-- Dataset excerpt follows --

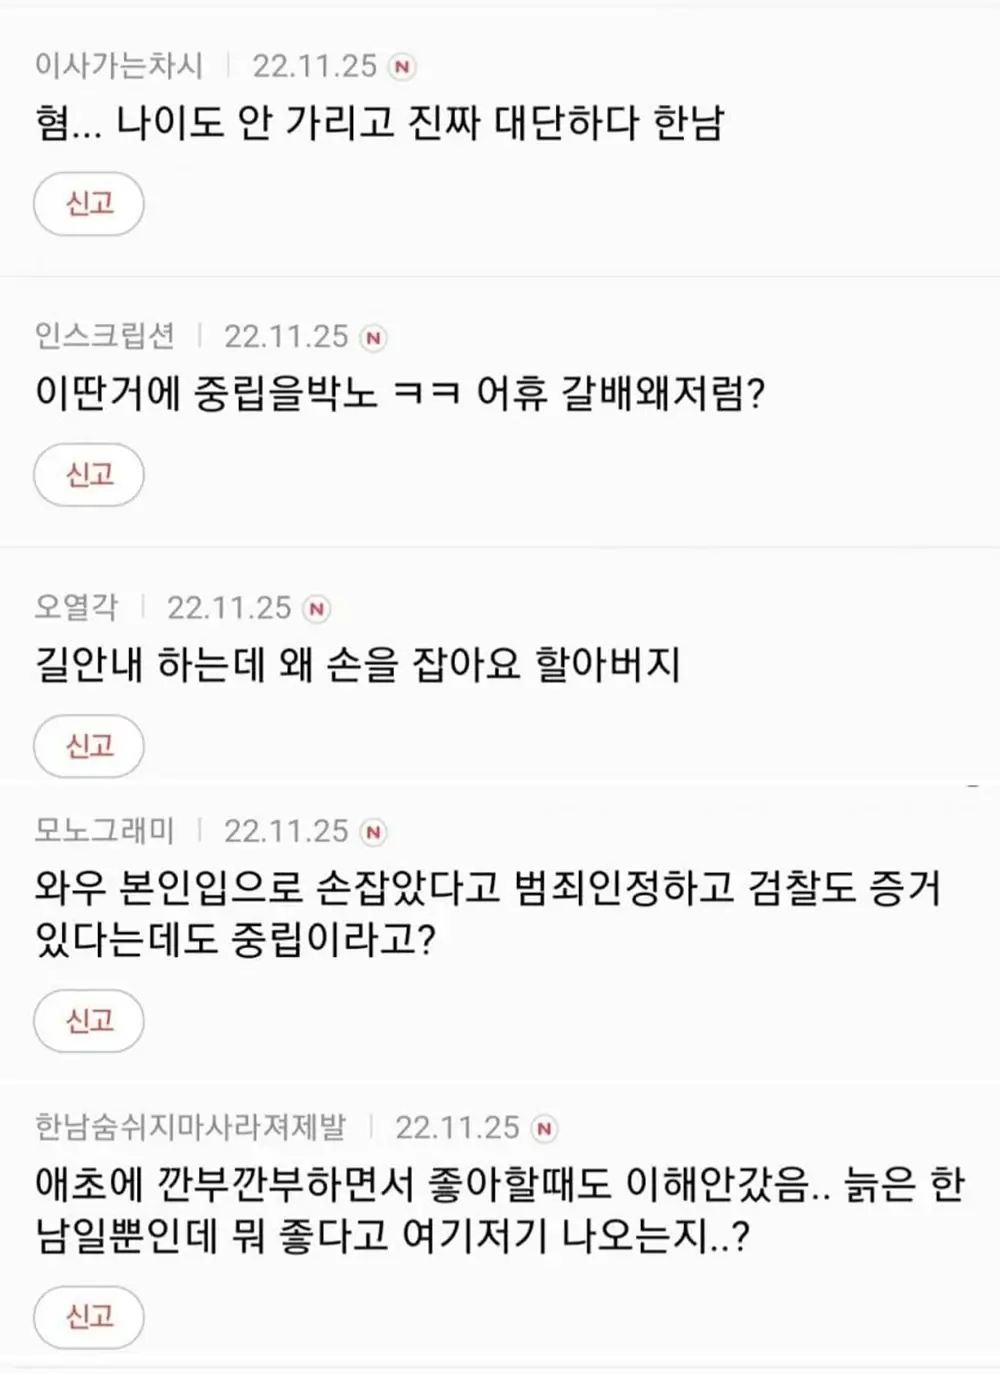 오영수 강제추행 혐의 언냐들 반응 5
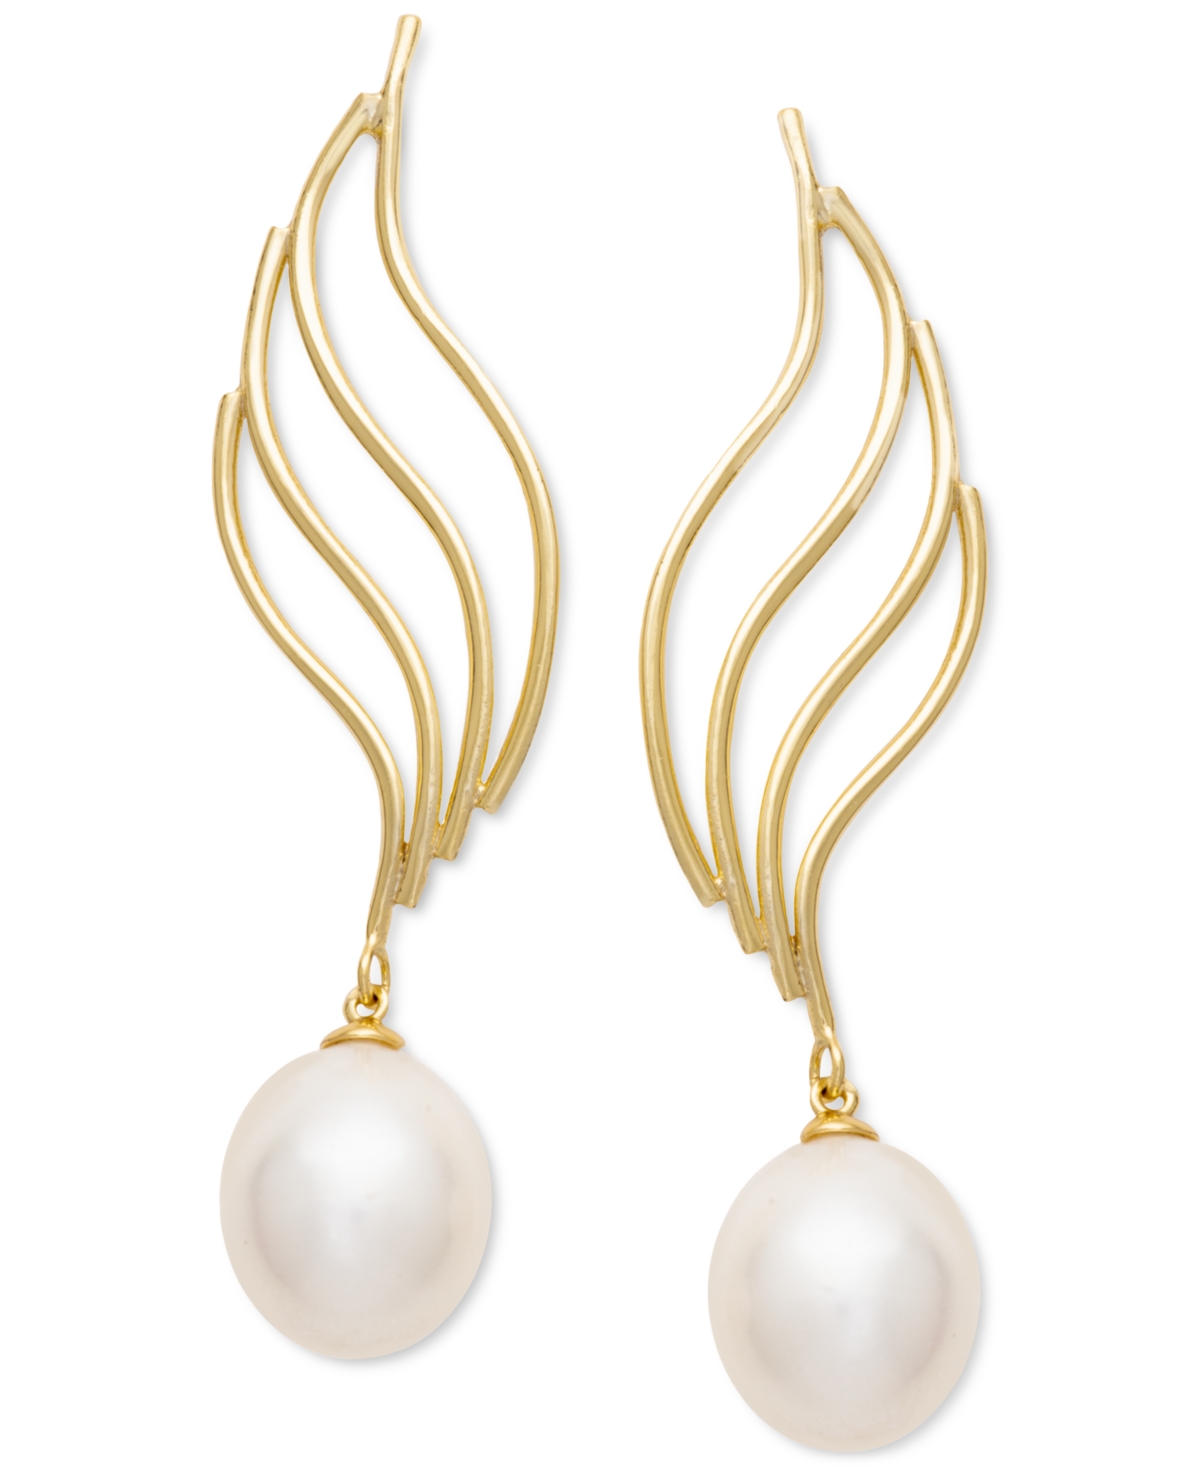 Cultured Freshwater Pearl (9x11mm) Fancy Swirl Drop Earrings in 18k Gold-Plated Sterling Silver - White
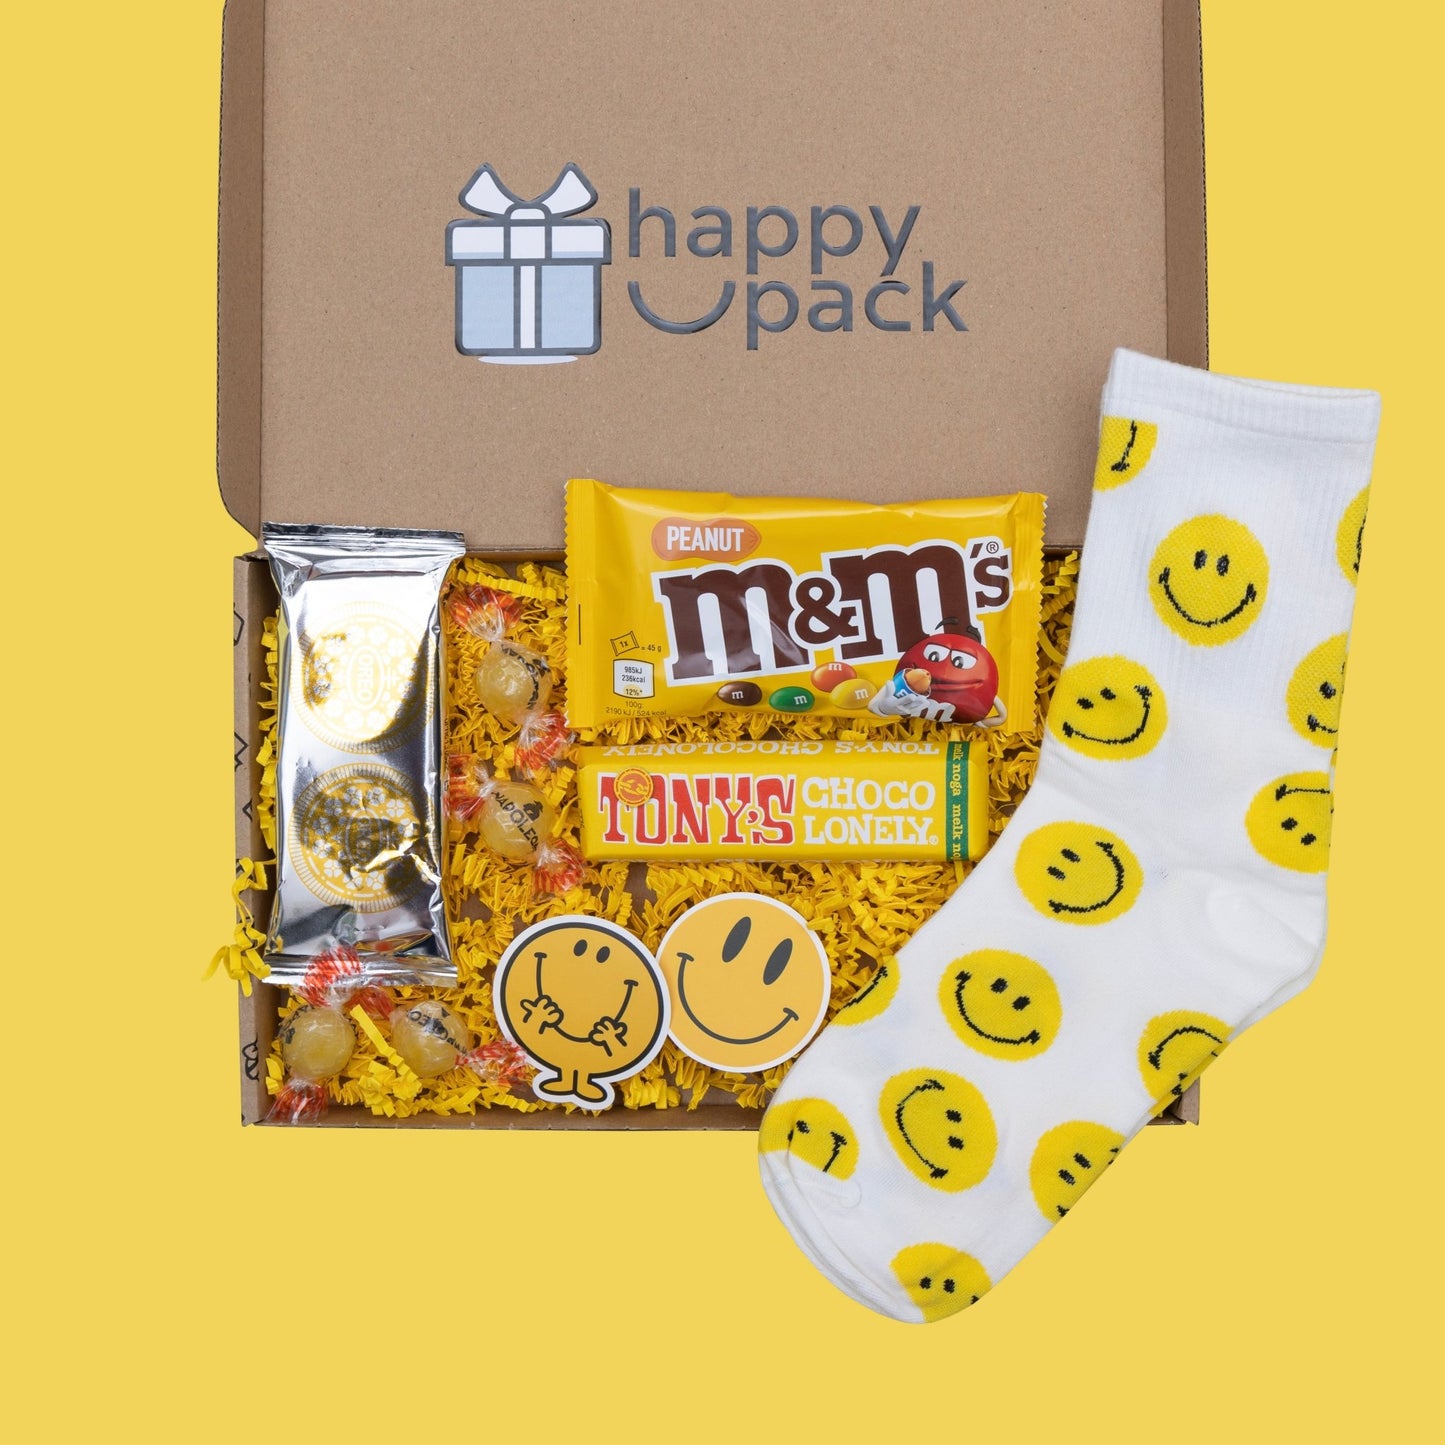 Happybox - Happypack.nl
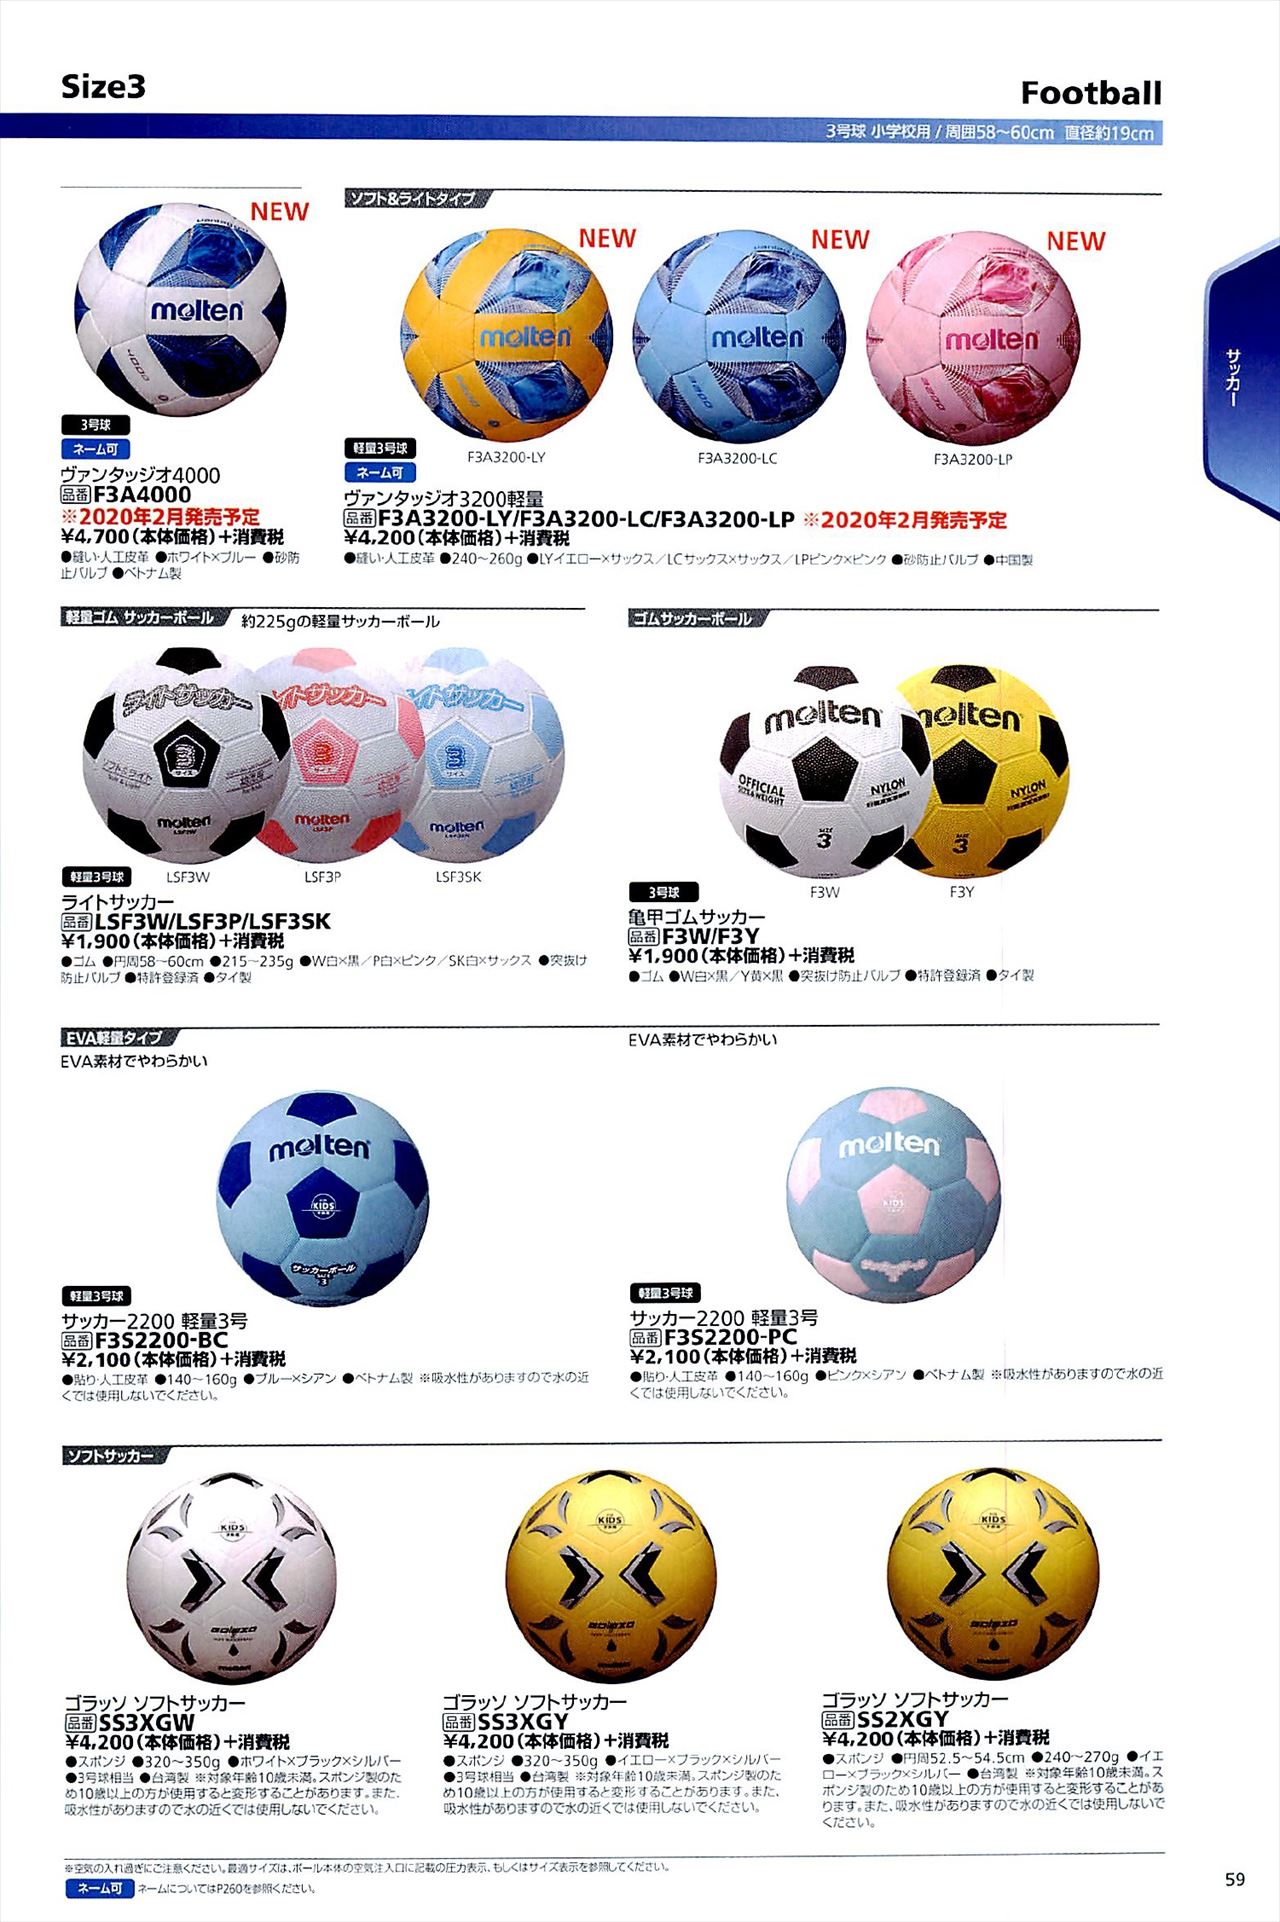 サッカーボール3号球は モルテンカタログ の ページ59 に掲載されています スポーツメーカーカタログ 目次ページ

-- Dataset excerpt concluded --

Work task: The final stretch of the data, from the line with "Cultured Freshwater Pearl" through its last line, is to be retyped exactly; pictures are not part of the copy.

Written response:
 Cultured Freshwater Pearl (9x11mm) Fancy Swirl Drop Earrings in 18k Gold-Plated Sterling Silver - White
 Happybox - Happypack.nl
 サッカーボール3号球は モルテンカタログ の ページ59 に掲載されています スポーツメーカーカタログ 目次ページ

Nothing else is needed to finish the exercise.